We thus investigate the largest and smallest eigenvalues of $(P^{-1} \varepsilon^\dagger)$ and $\varepsilon^\dagger$. The ratio of largest to smallest eigenvalue of this operator is the condition number
\[\kappa = \frac{\lambda_\text{max}}{\lambda_\text{min}},\]
which can be related to the rate of convergence of the SCF. The smaller the condition number, the faster the convergence. For more details on SCF methods, see Self-consistent field methods.
For our investigation we consider a crude aluminium setup:
using AtomsBuilder
using DFTK
system_Al = bulk(:Al; cubic=true) * (4, 1, 1)FlexibleSystem(Al₁₆, periodicity = TTT):
cell_vectors : [ 16.2 0 0;
0 4.05 0;
0 0 4.05]u"Å"
and we discretise:
using PseudoPotentialData
pseudopotentials = PseudoFamily("dojo.nc.sr.lda.v0_4_1.standard.upf")

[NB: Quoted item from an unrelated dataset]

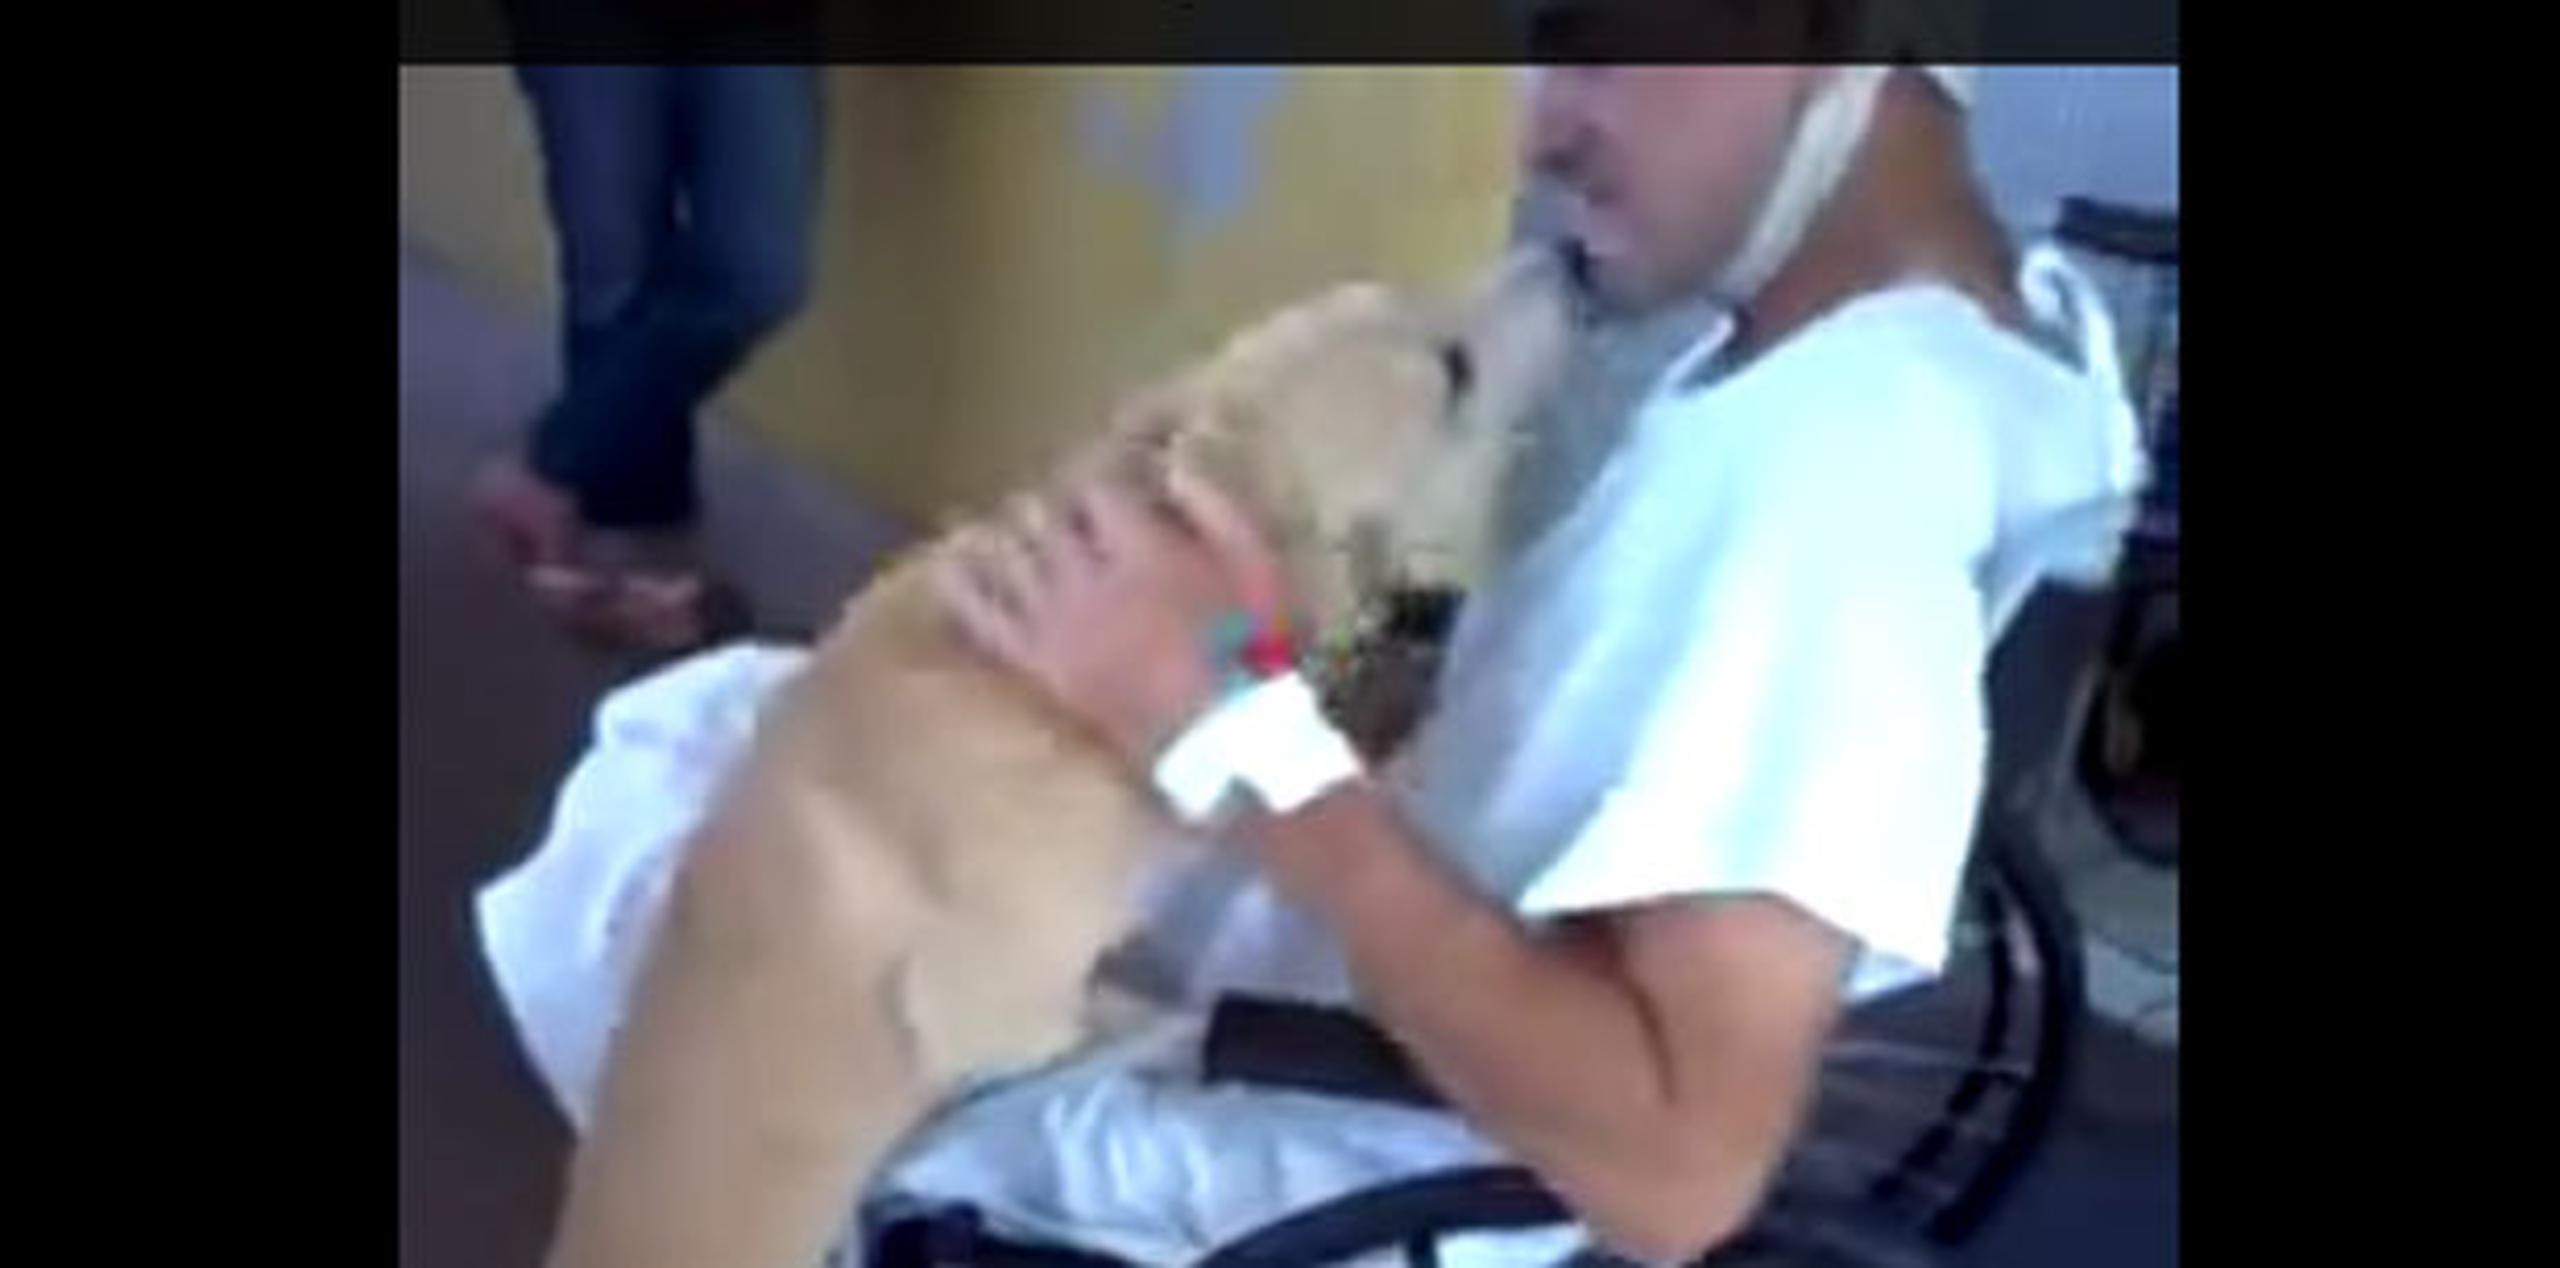 Seco, el perro del paciente, esperó en el estacionamiento del hospital, a donde personal del lugar le llevó comida y agua. (YouTube)
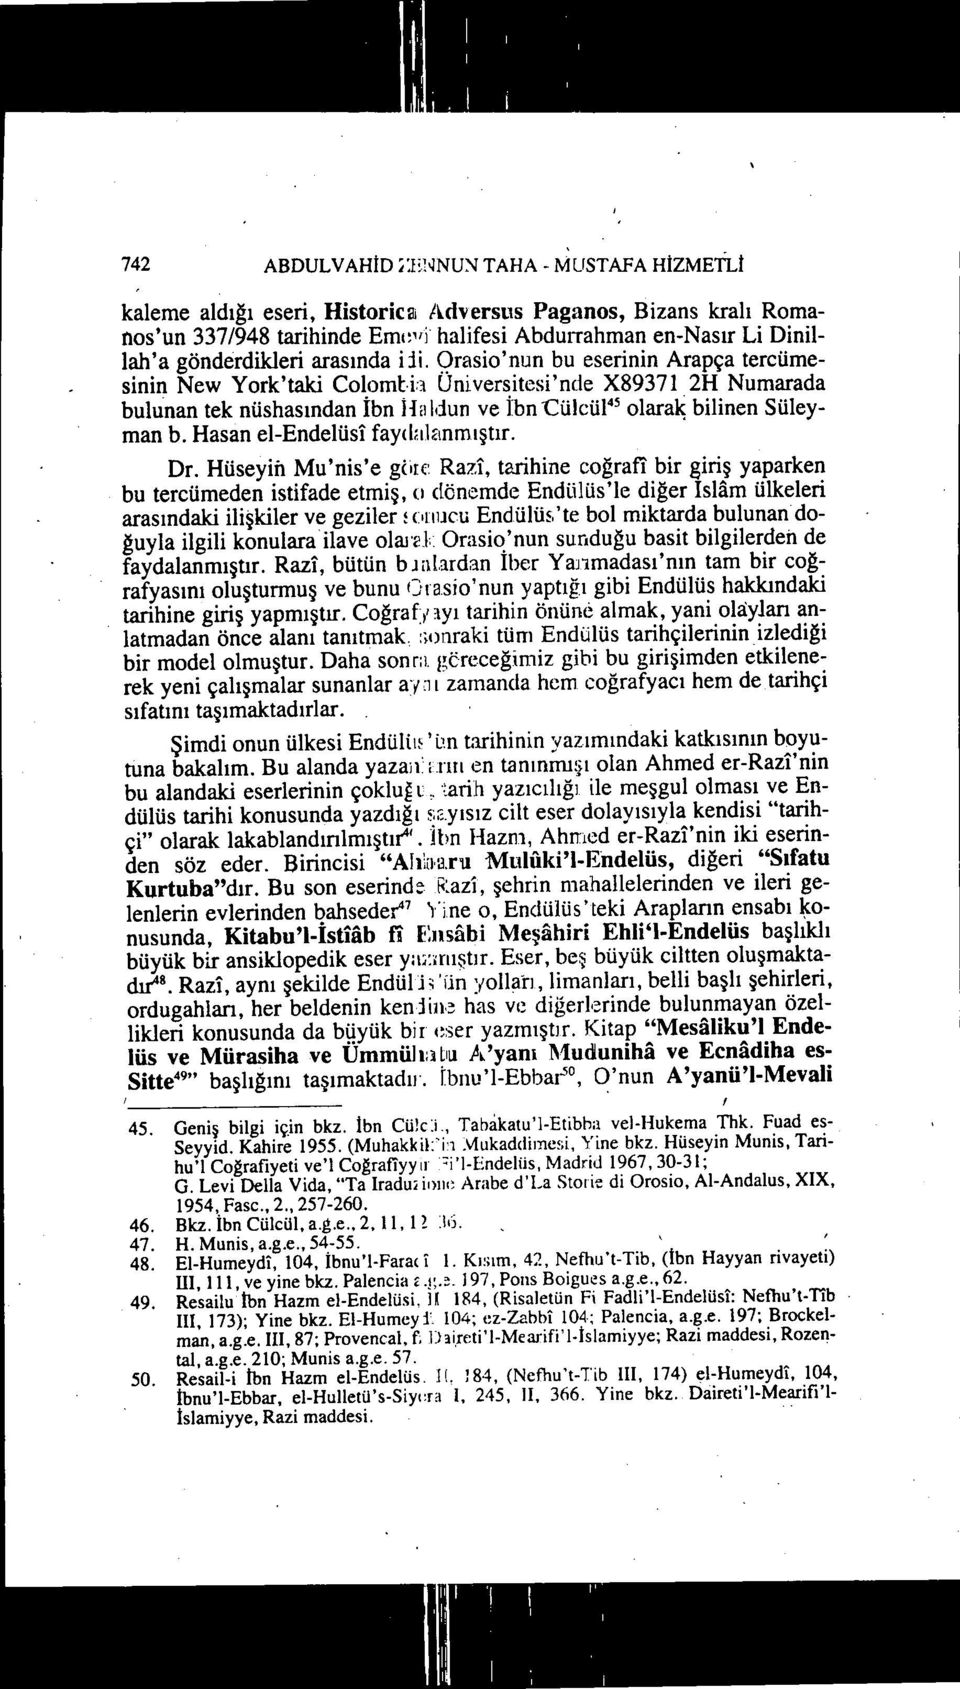 iii. Qrasio'nun bu eserinin Arapça tercümesinin New York'taki Colomt-h Universitesi'nde X89371 2H Numarada bulunan tek nüshasından İbn Ha Idun ve İbn -Cülcül 4S olaralç bilinen Süleyman b.

model_Al = model_DFT(system_Al; functionals=LDA(), temperature=1e-3,
symmetries=false, pseudopotentials)
basis_Al = PlaneWaveBasis(model_Al; Ecut=7, kgrid=[1, 1, 1]);On aluminium (a metal) already for moderate system sizes (like the 8 layers we consider here) the convergence without mixing / preconditioner is slow:
# Note: DFTK uses the self-adapting LdosMixing() by default, so to truly disable
# any preconditioning, we need to supply `mixing=SimpleMixing()` explicitly.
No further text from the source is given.